Wednesday, October 29, 2014

Images unavailable temporarily

We apologize, but due to some technical issues, manuscript images are temporarily unavailable. The website works, but you will be unable to see manuscript images in the various viewers. Images will gradually come back online over the course of a few weeks. We will update this post with more information as it becomes available.

Thank you for your patience.

Update on 11/6: About 60% of the images are available now. We expect all the images to be available by 11/18.

Update on 11/14: All of the images are available.

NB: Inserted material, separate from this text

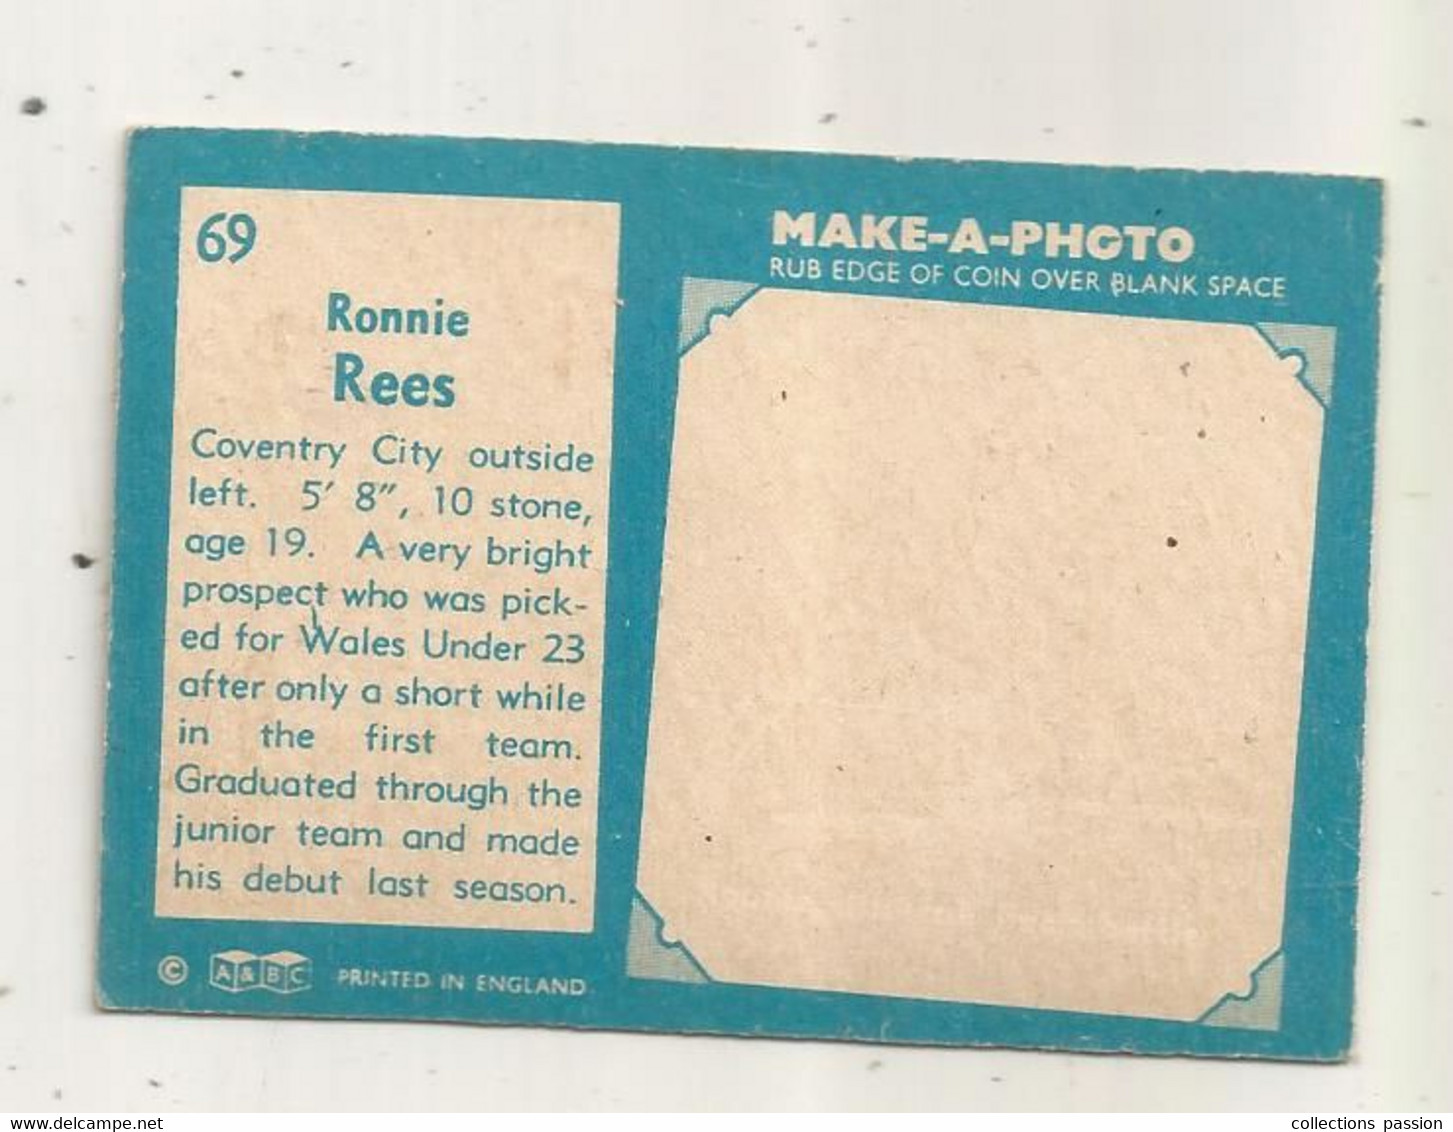 Trading Card , A&BC , England, Chewing Gum, Serie: Make A Photo , Année 60 , N° 69, RONNIE REES,  Coventry City - Trading Cards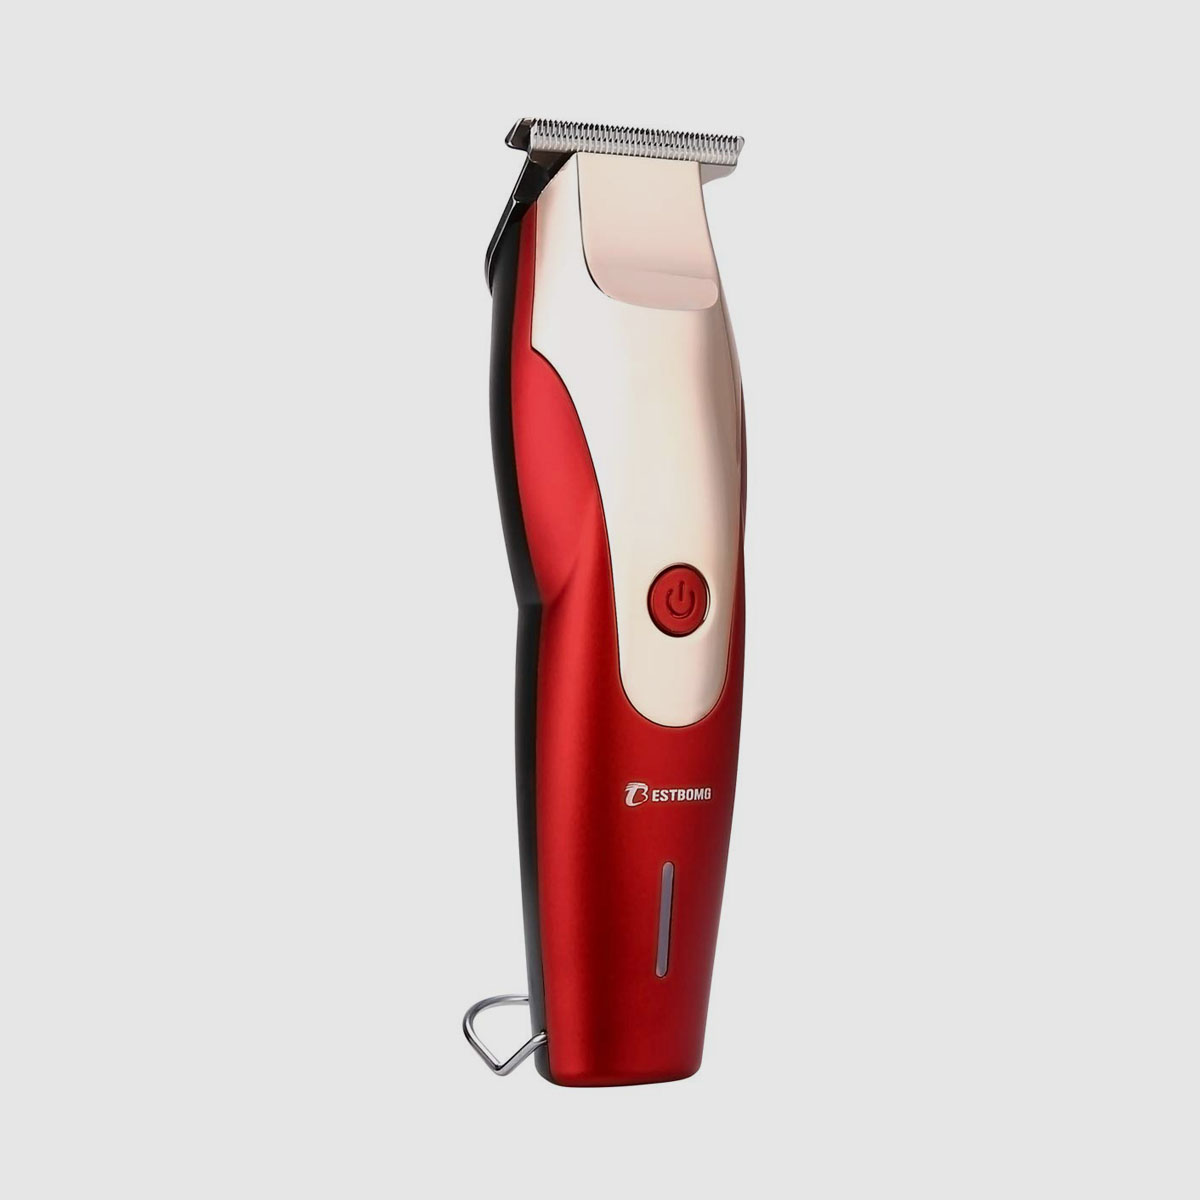 Pro T Outliner Mens Hair Clippers - 0

Wednesday, September 24, 2014

September 2014 Updates

Rose site users, we are delighted to announce that we have added another manuscript to our repository, Bibliothèque municipale de Grenoble 608, aka Grenoble 608. This 16th-century handwritten codex is chock full of illustrations – 88 pen and ink drawings, with light coloring in places, adorn the manuscript’s 143 paper folios. These fascinating depictions, which are somewhat amateurish in their execution, are accompanied by at times less-than-perfect scribal work. It seems the product of a smaller purse than some of the illuminated Rose manuscripts, which makes it perhaps all the more alluring as an object of study. Was it copied hurriedly for a middle-class, middle-income household? Did the first owner pen the drawings themselves?




Image: Grenoble 608 ff. 13v-14r (orig. 11v-12r)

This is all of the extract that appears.